• _YOUR OBJECTIVE_
Repeat the records exactly as given. Do not include the pictures.

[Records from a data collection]
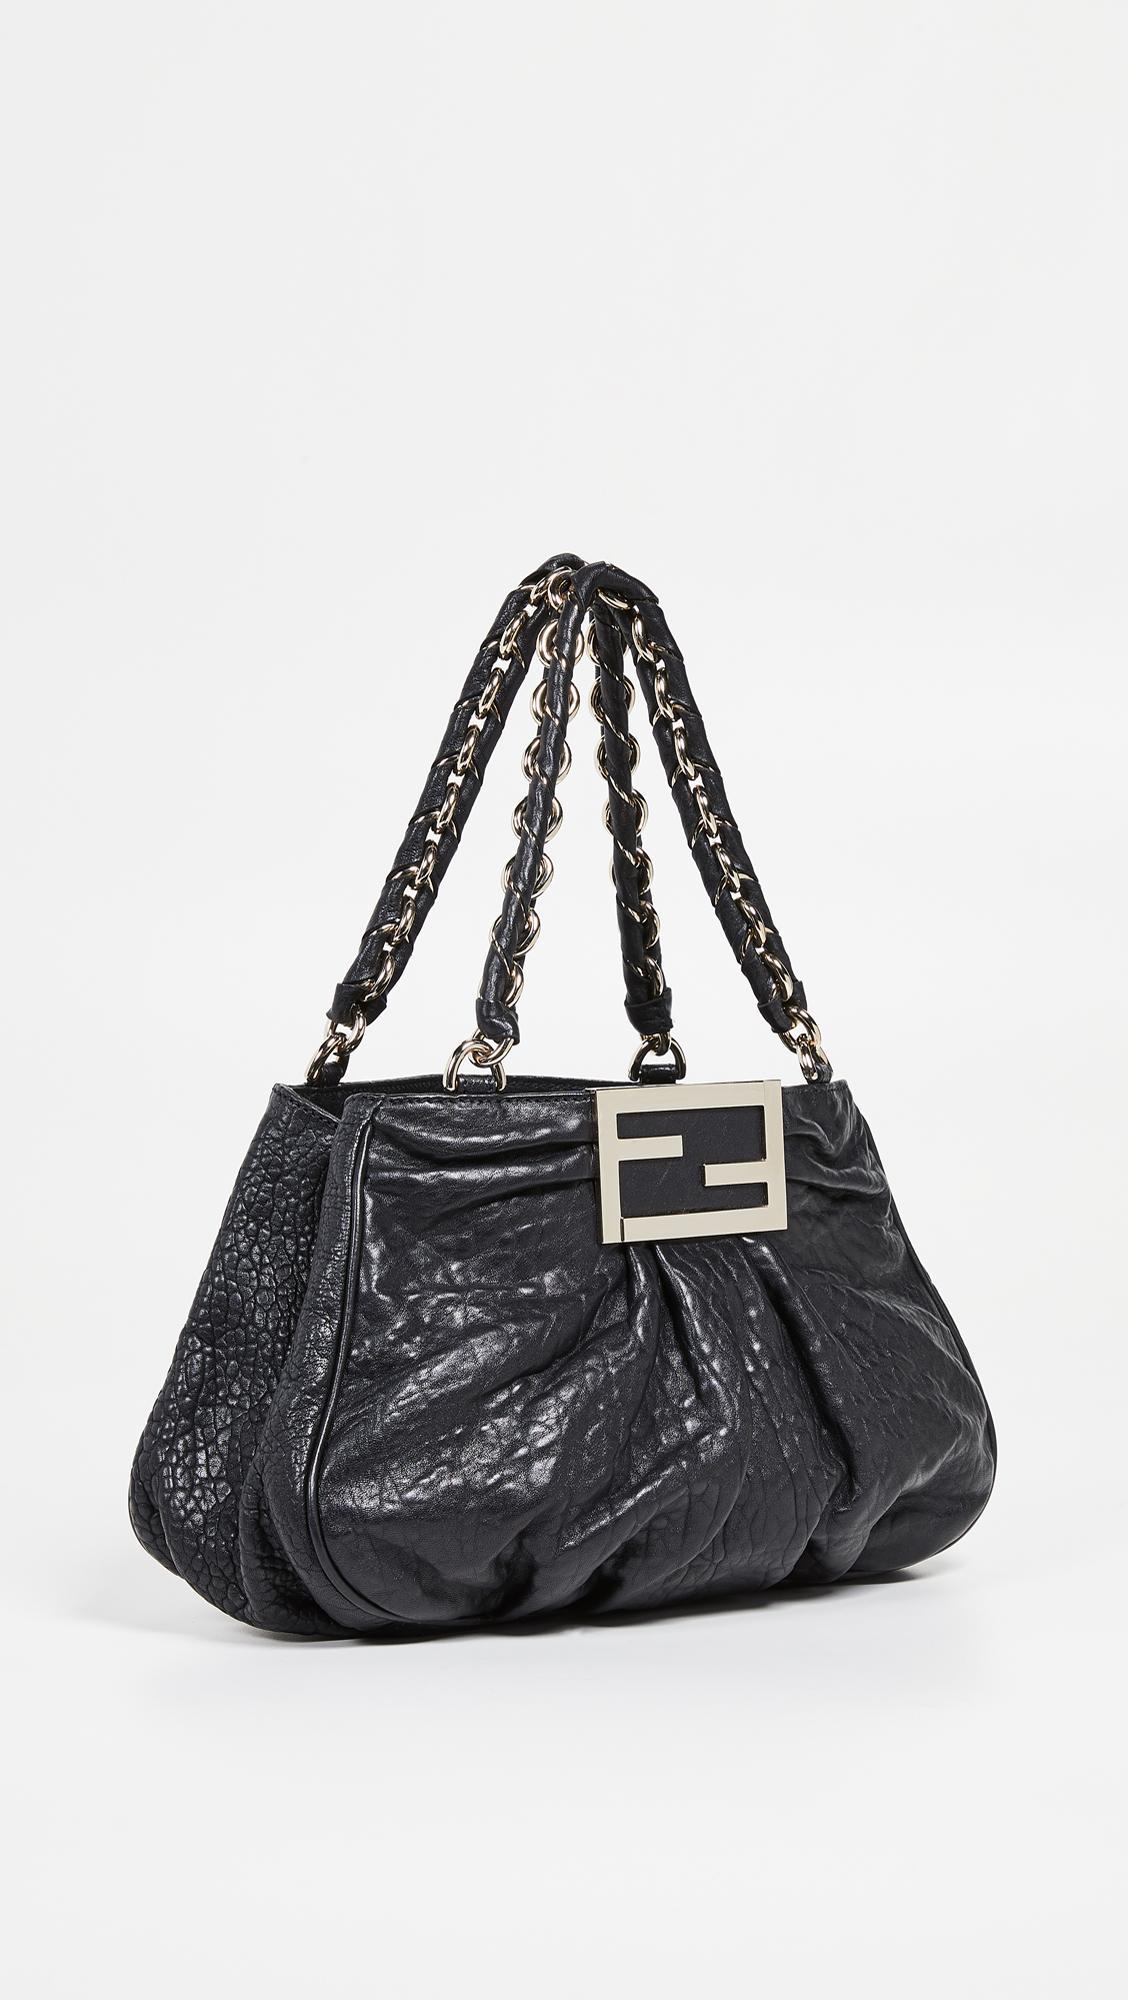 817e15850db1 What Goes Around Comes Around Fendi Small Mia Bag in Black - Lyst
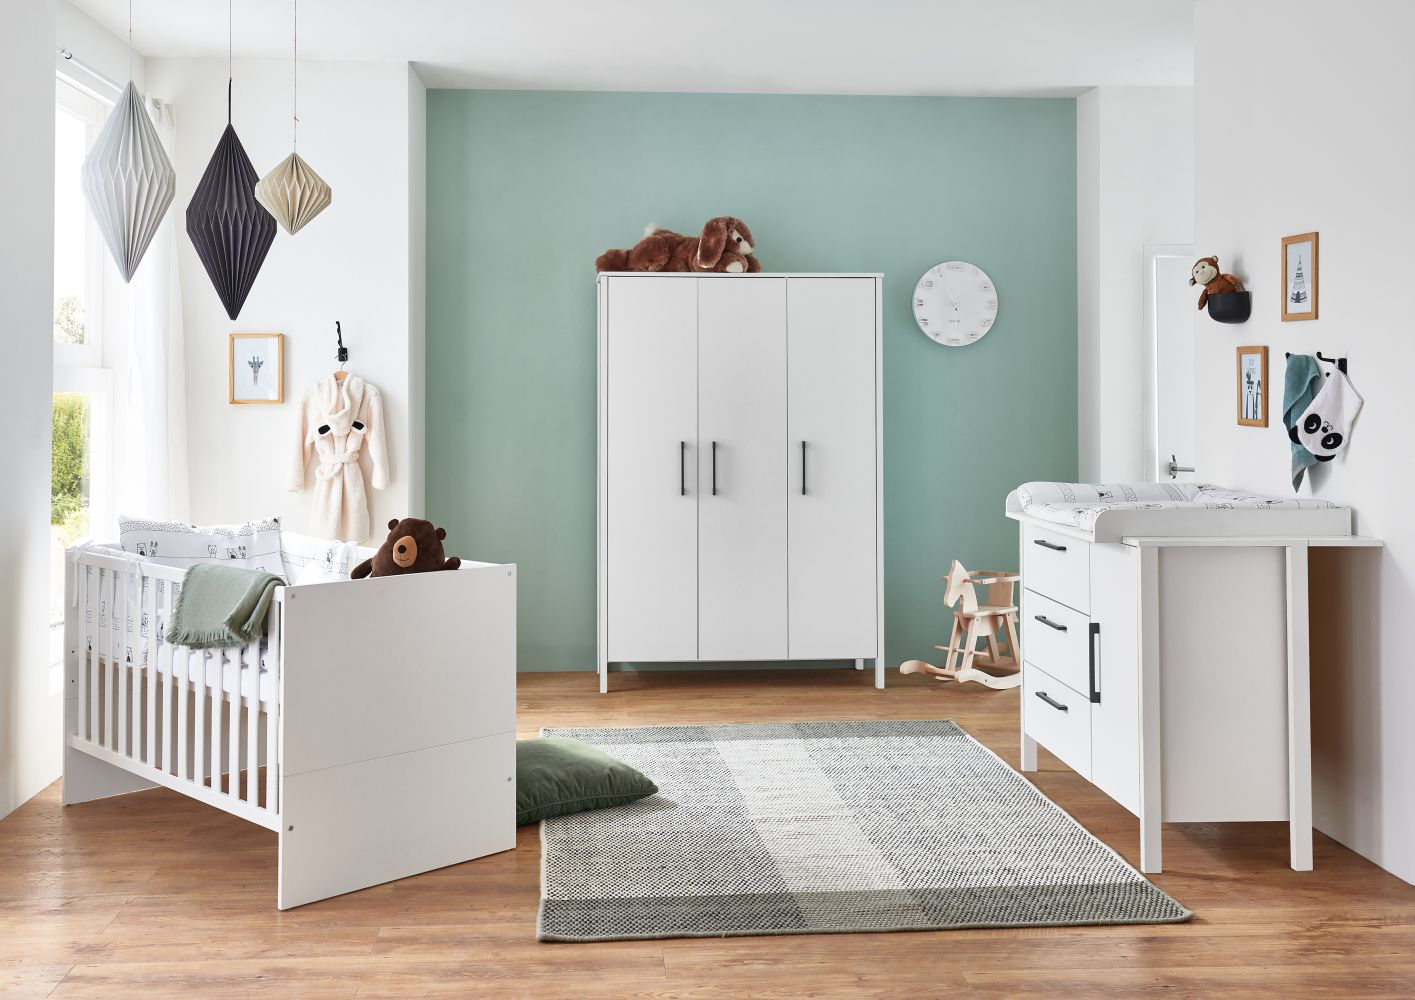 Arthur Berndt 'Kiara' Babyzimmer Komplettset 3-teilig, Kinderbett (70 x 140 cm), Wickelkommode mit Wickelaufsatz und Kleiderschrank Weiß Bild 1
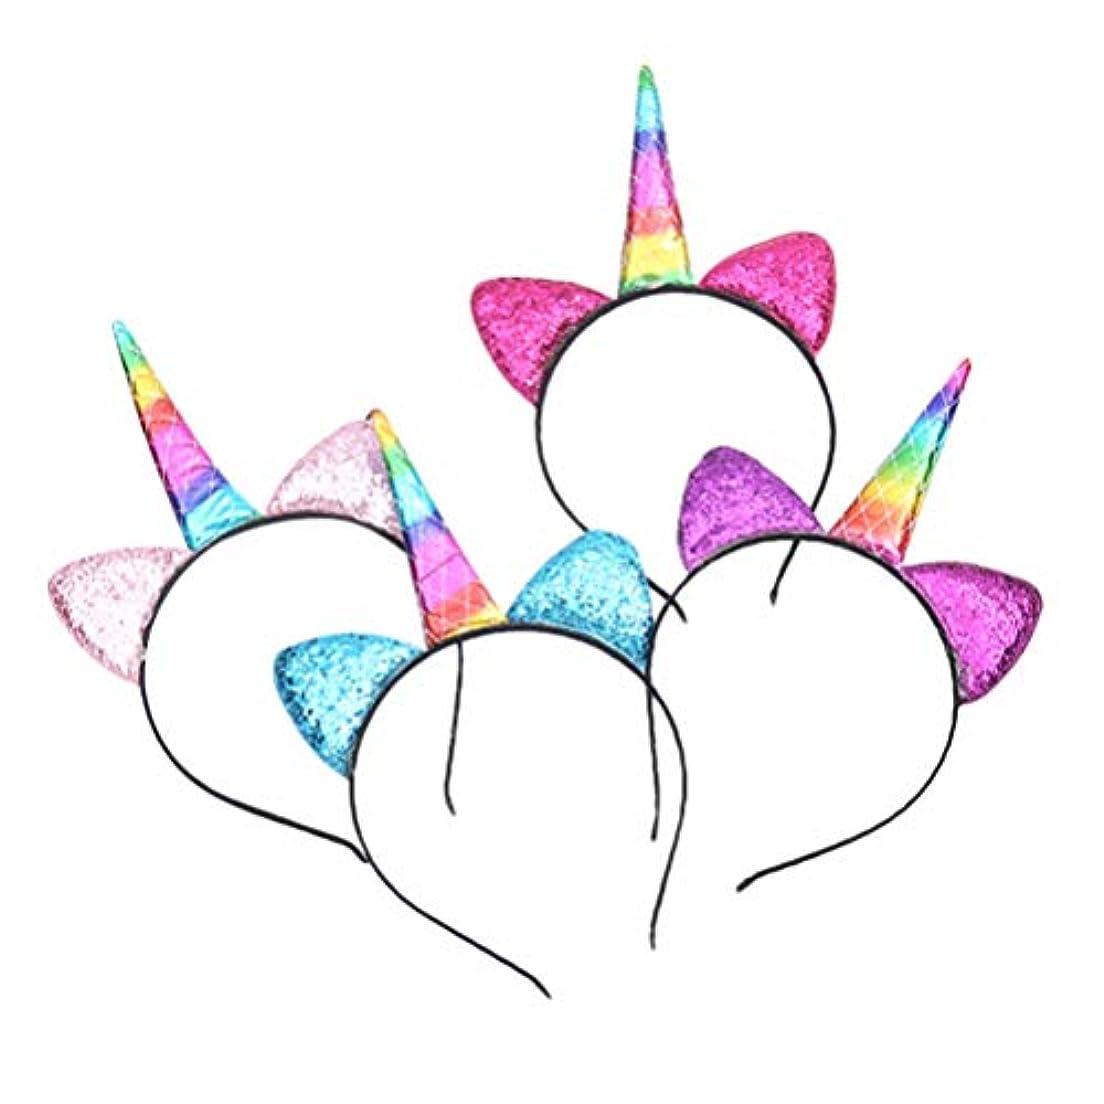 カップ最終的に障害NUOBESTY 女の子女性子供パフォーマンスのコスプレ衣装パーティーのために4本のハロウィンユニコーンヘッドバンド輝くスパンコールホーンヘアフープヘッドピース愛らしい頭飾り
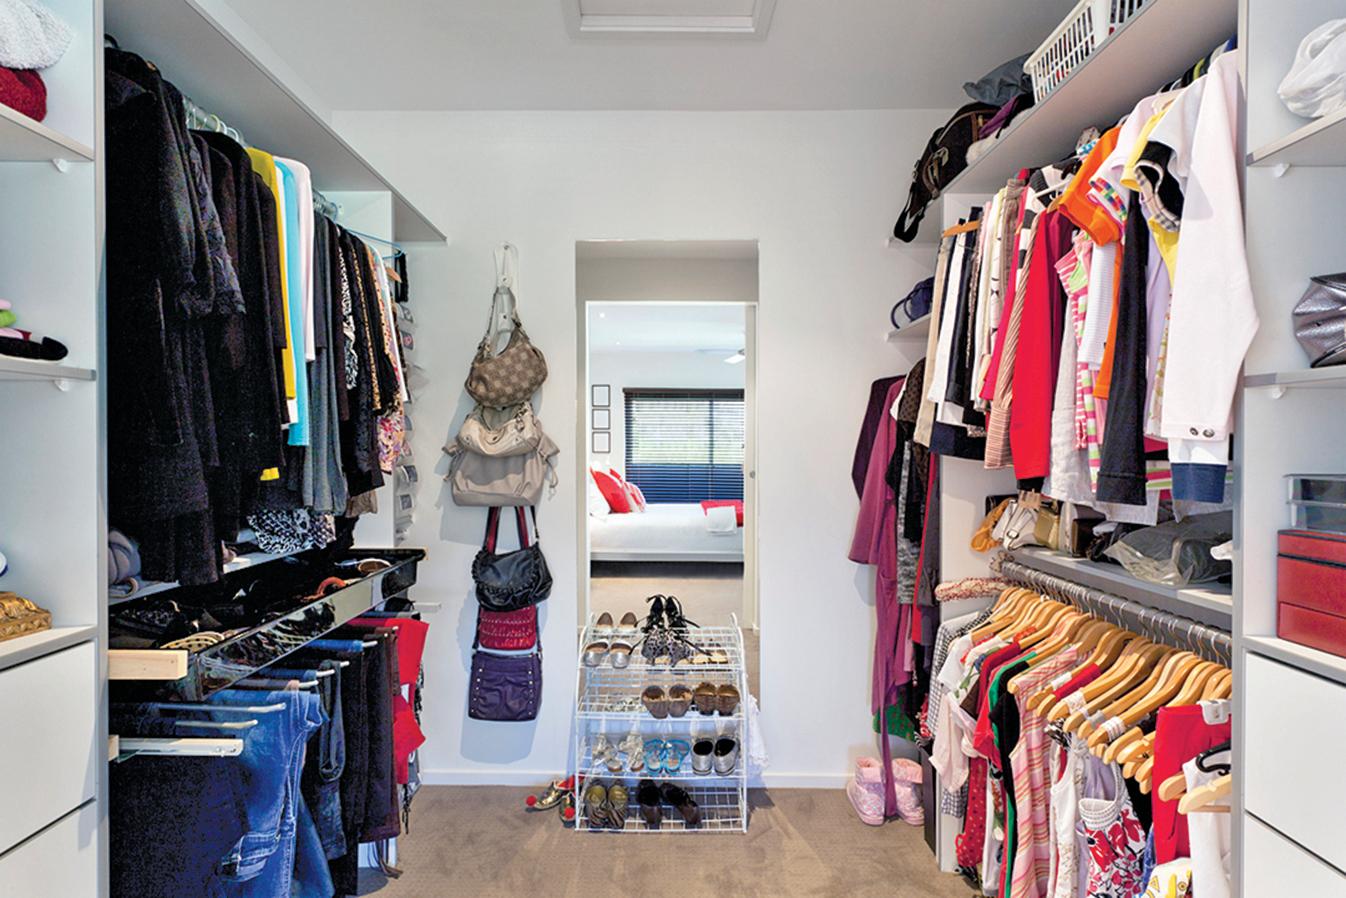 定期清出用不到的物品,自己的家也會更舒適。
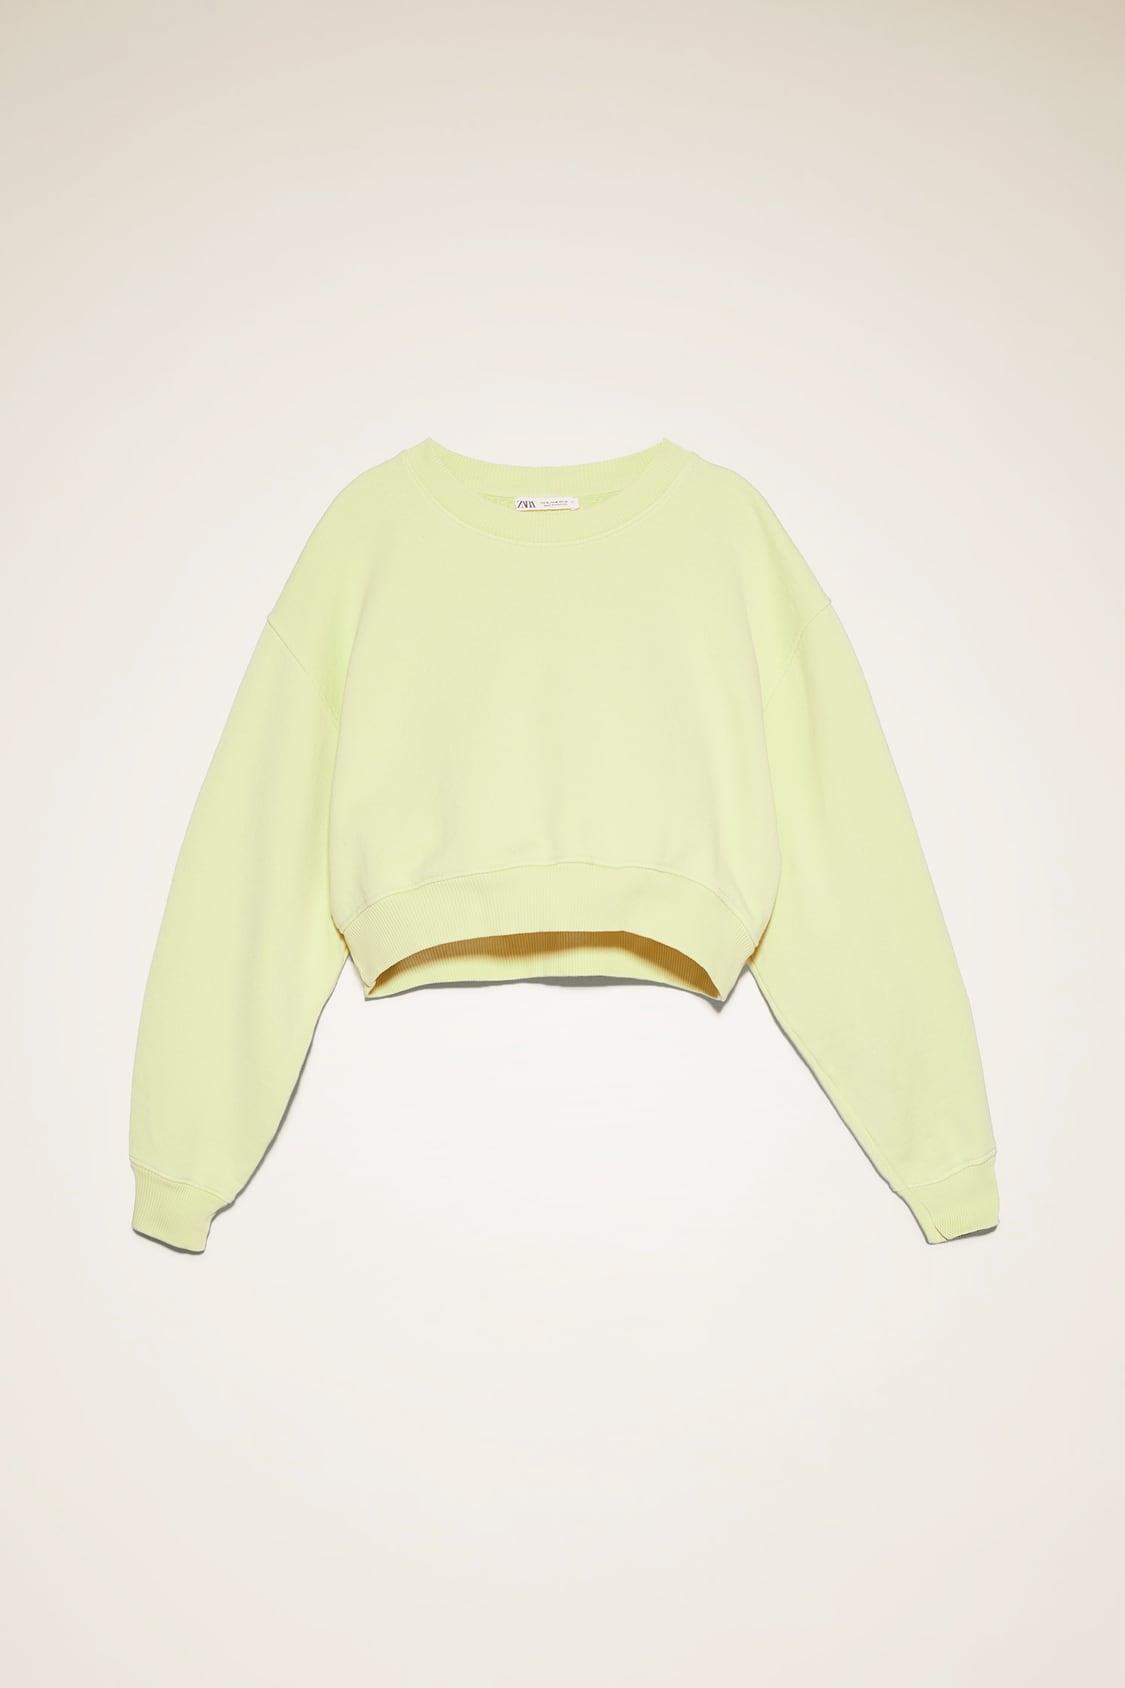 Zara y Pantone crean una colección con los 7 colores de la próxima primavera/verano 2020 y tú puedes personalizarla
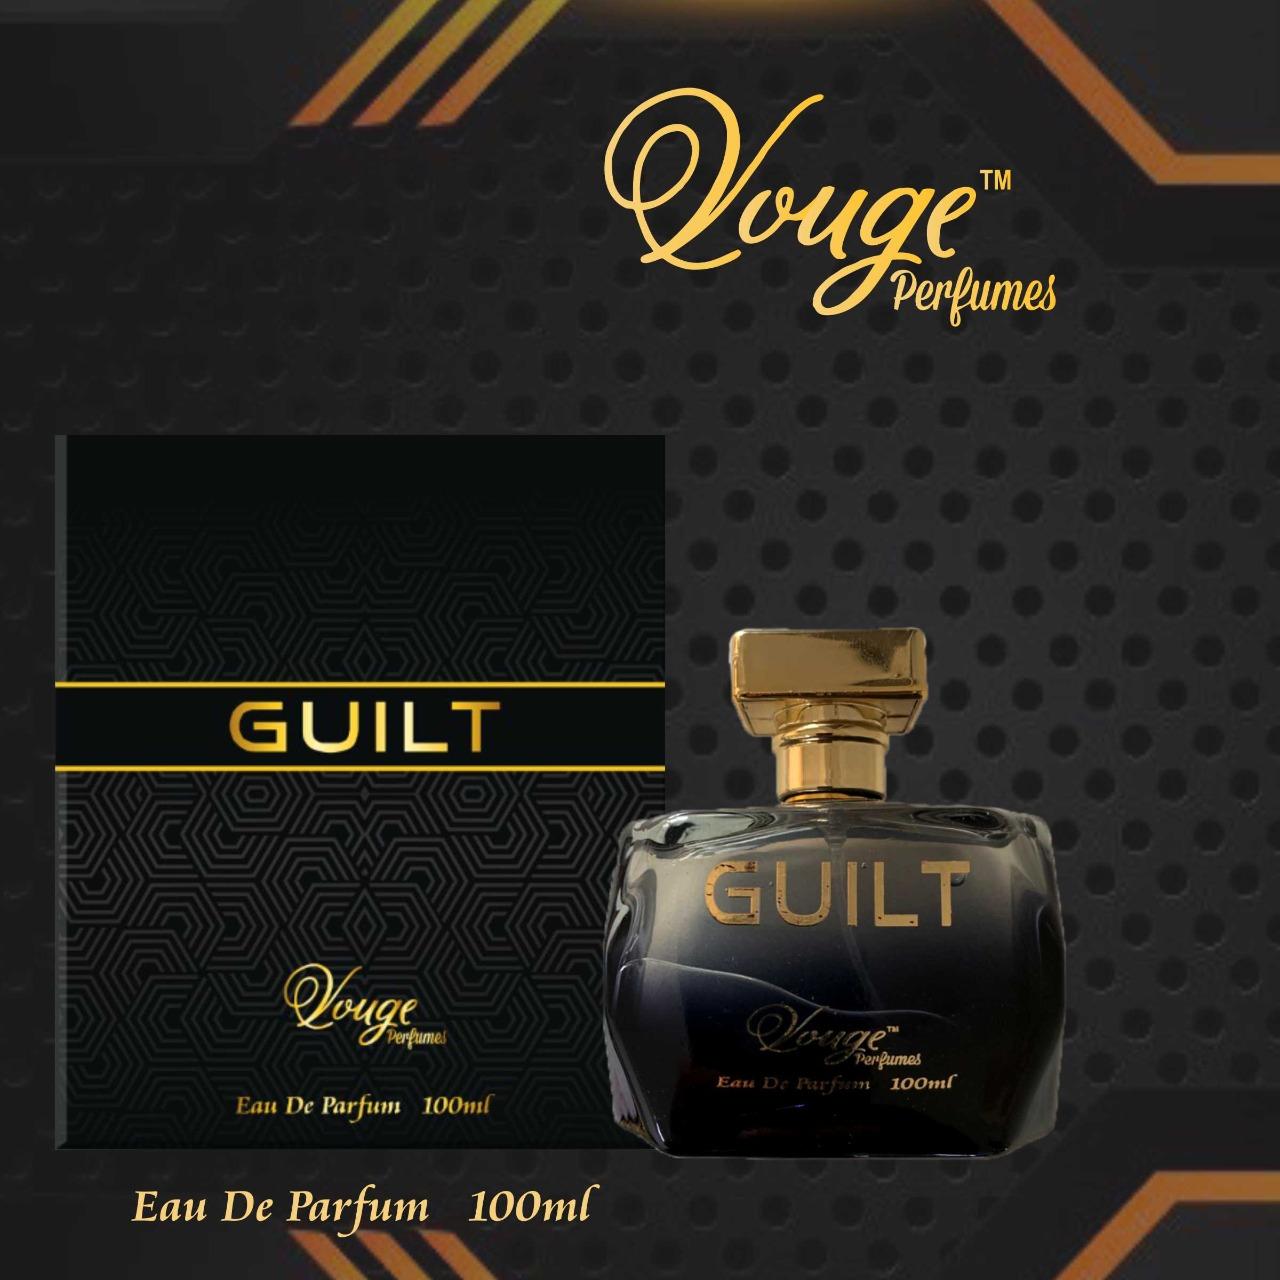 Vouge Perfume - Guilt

• _EXERCISE ANSWER_
 817e15850db1 What Goes Around Comes Around Fendi Small Mia Bag in Black - Lyst
 Arthur Berndt 'Kiara' Babyzimmer Komplettset 3-teilig, Kinderbett (70 x 140 cm), Wickelkommode mit Wickelaufsatz und Kleiderschrank Weiß Bild 1
 カップ最終的に障害NUOBESTY 女の子女性子供パフォーマンスのコスプレ衣装パーティーのために4本のハロウィンユニコーンヘッドバンド輝くスパンコールホーンヘアフープヘッドピース愛らしい頭飾り
 定期清出用不到的物品,自己的家也會更舒適。
 Zara y Pantone crean una colección con los 7 colores de la próxima primavera/verano 2020 y tú puedes personalizarla
 Vouge Perfume - Guilt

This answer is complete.